Однако если уж на то пошло, если начистоту, когда заткнуть, заглушить эмоции и попробовать порассуждать холодной головой, станет очевидно, что пугает и, если угодно, злит ее не то, что очутилась она в этом безвыходном месте. Нет, в конце концов, она может выбраться отсюда, во всяком случае, попытаться, пройдя путь по трубам еще раз, в обратную сторону. Бесит ее другое, именно то, что не может пройти дальше, то есть, осознание невозможности осуществить задуманное.
Мазафак! – вырвалось у нее, и она тут же прикрыла рот рукой, вспомнив, что часовой рядом и может услышать. Затаившись, прильнув к лесенке, задержав даже дыхание, она прислушивалась некоторое время к обстановке, но все было тихо снаружи, и лишь монотонное журчание воды в самом колодце разбавляло на самом деле мертвую тишину. Выждав еще какое-то время и убедившись, что все спокойно, Лимбо расслабилась – насколько то было возможно. Во всяком случае, позволила себе дышать.
Неужели, подумала она, полковник – тоже прихвостень Пыри? А, может, он и вовсе его порождение? Фантом, созданный им, чтобы одурачить ее и завлечь в ловушку? Она задумалась, рассматривая неожиданную мысль со всех сторон. В результате поняла, что мысль эта ей не нравится – с какой стороны на нее не посмотри. Ну, не нравилось ей смотреть на командира Лунгина, как на подручного Пыри. Хоть что делай – не нравилось. Да он и не похож на такового ни разу. А похож как раз на честный призрак, у которого есть свои принципы и свои идеалы. И, кстати, есть харизма и обаяние. Нет, решила она, на сделку с Пырей полковник не пойдет. Как говорится: не верю!

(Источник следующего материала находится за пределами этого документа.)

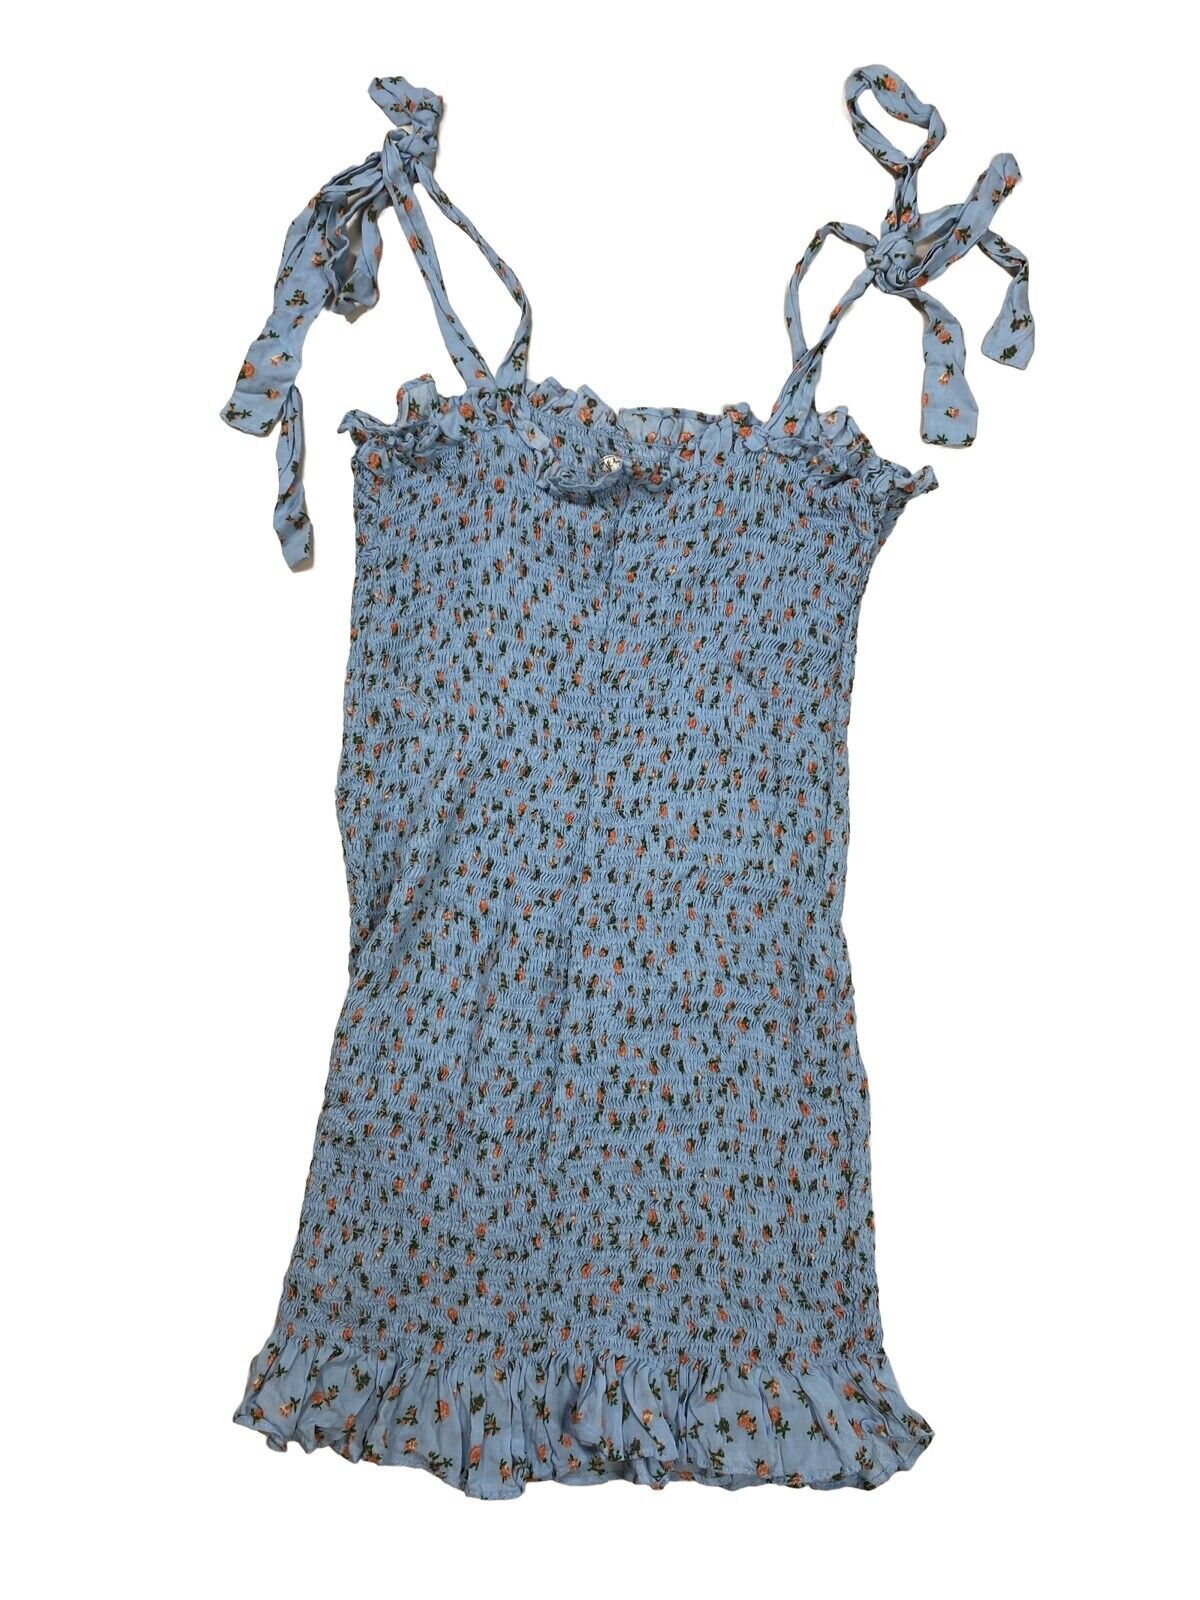 Intimately Free PeopleVestido ajustado corto floral azul para mujer - M
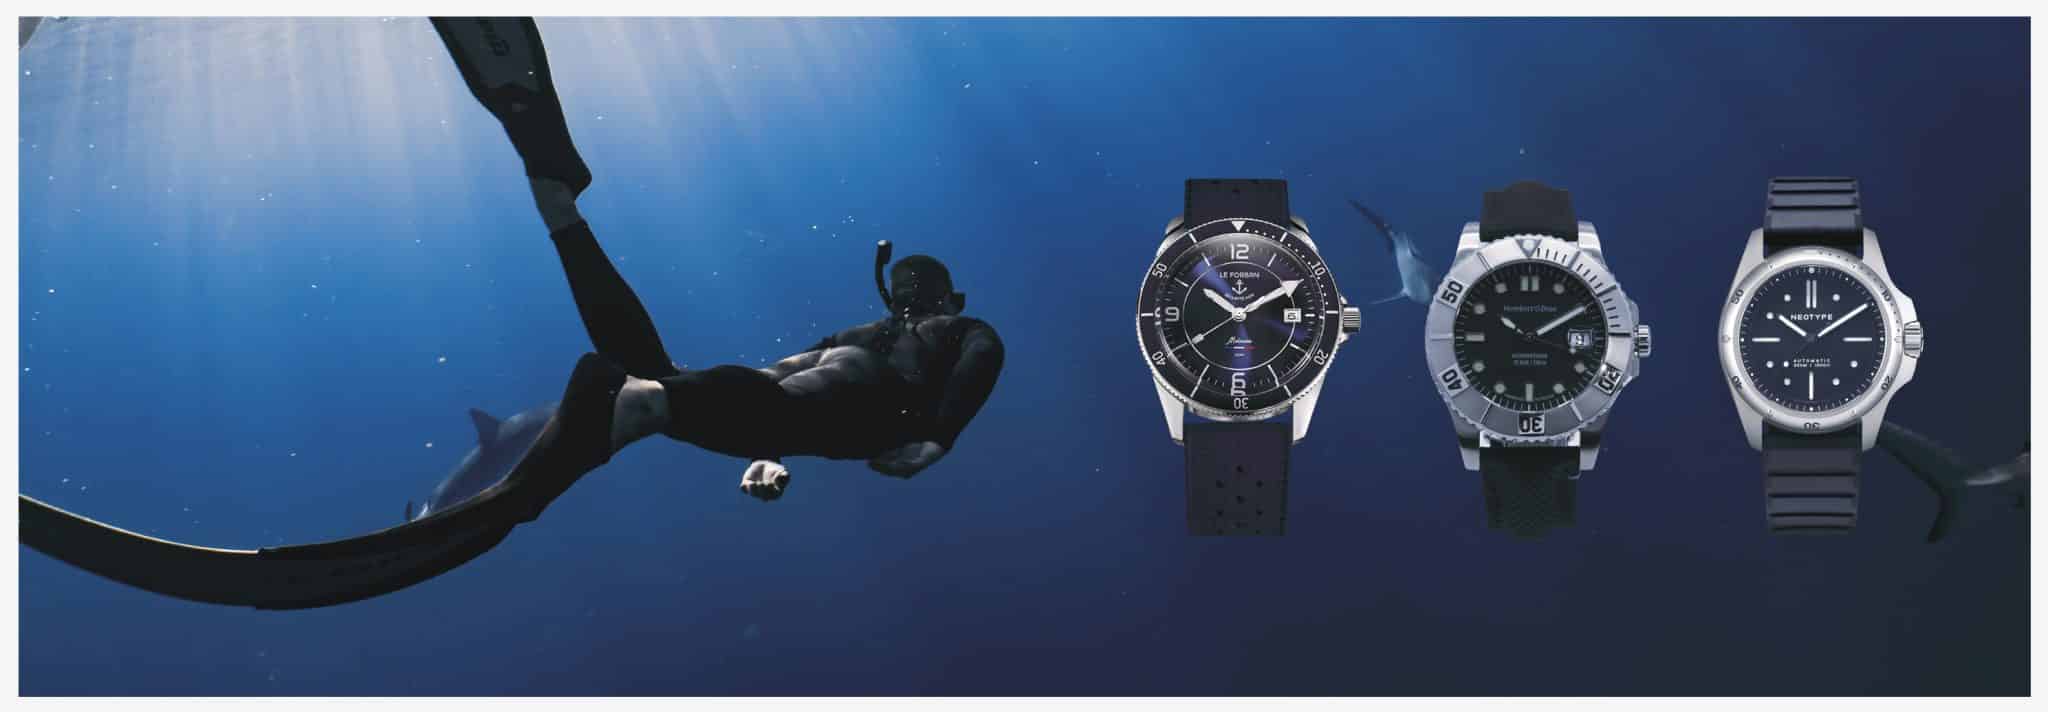 Les montres, reines des profondeurs océaniques
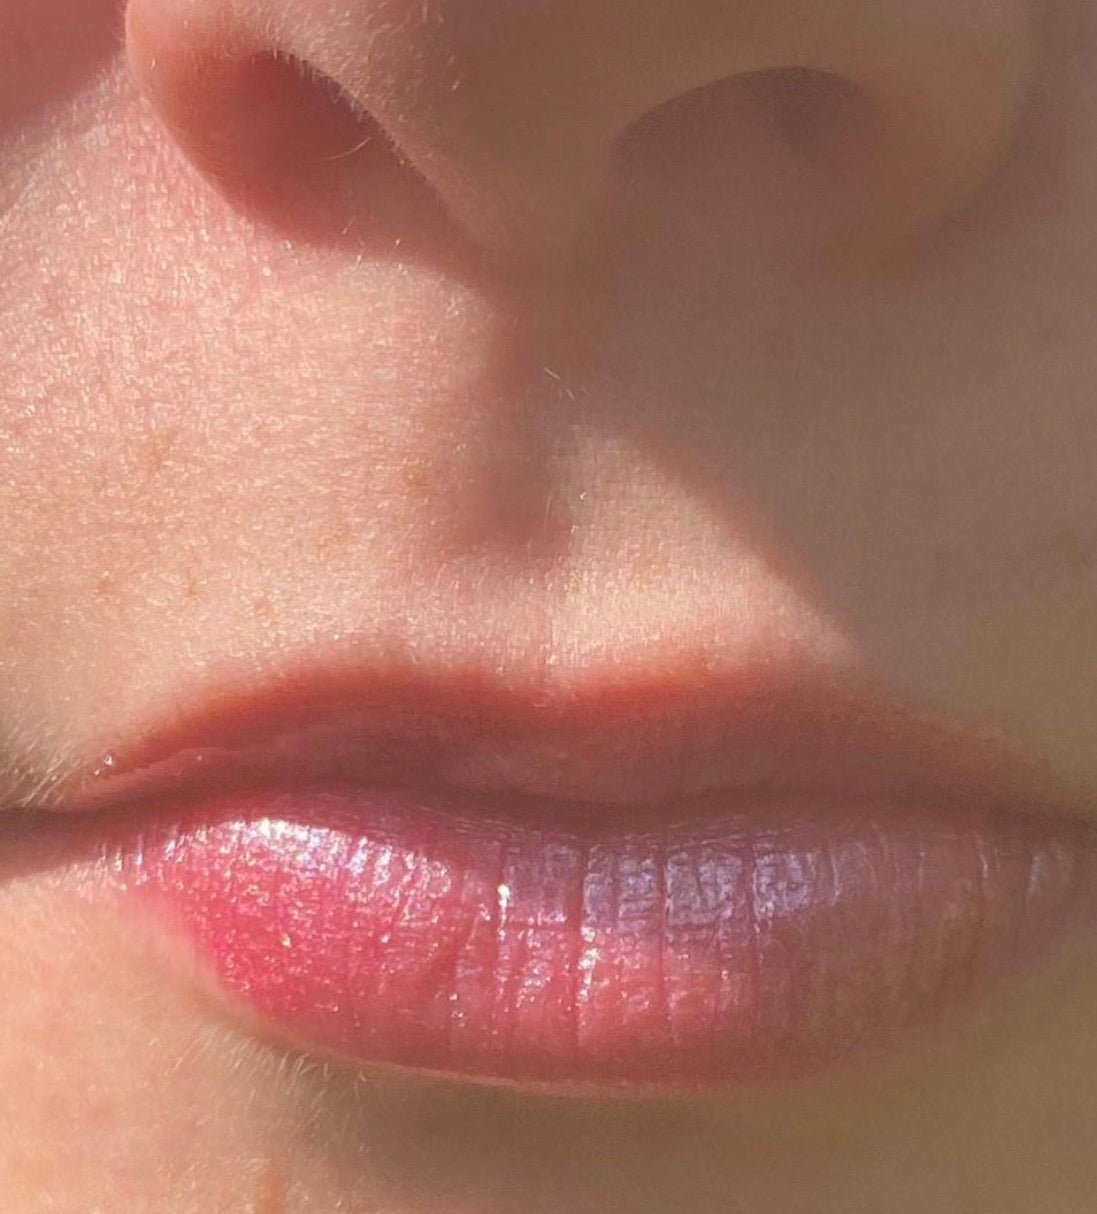 Pink Lip Gloss

Неожиданно в кармане ожил телефон.
Он завибрировал под грудью, точно испустила дрожь предвкушения посторонняя ладонь, а после пропел свою бодрую трель. Сигнал из-под одежды вырвался приглушенным, но он казался таким чужеродным в этой кромешной настороженной тишине, что должен был сразу привлечь к себе внимание. «Черт, черт!» – запричитала, испугавшись, что ее раскроют, Лимбо и прижала аппарат к телу. Тише ты, тише! Но трель уже вырвалась на волю, этот казавшийся ей когда-то веселым гитарный перебор, и шарахалась в узких пределах колодца от стены к стене, пока, как жаба муху, ее не слизнул длинный язык истекавшей из трубы воды. Лимбо замерла, молясь, чтобы кроме нее никто ничего не услышал, не заметил, прислушиваясь, чутко ловила тишину – не нарушит ли ее что?
Все было тихо, и она решила, что на этот раз пронесло. Конечно, прежде всего, ее волновал часовой снаружи, очень уж не хотелось раньше времени поднимать тревогу. Может, спит человек на посту, как и положено, подумала она. Ведь не услышал же он скрежета и клацанья кусачек, когда она перерезала решетку, так что...
Она достала телефон и, не вынимая его из пакета, прочитала сообщение. Отправителем значился абонент Командир, сообщение было лаконичным: – Ныряй в воду.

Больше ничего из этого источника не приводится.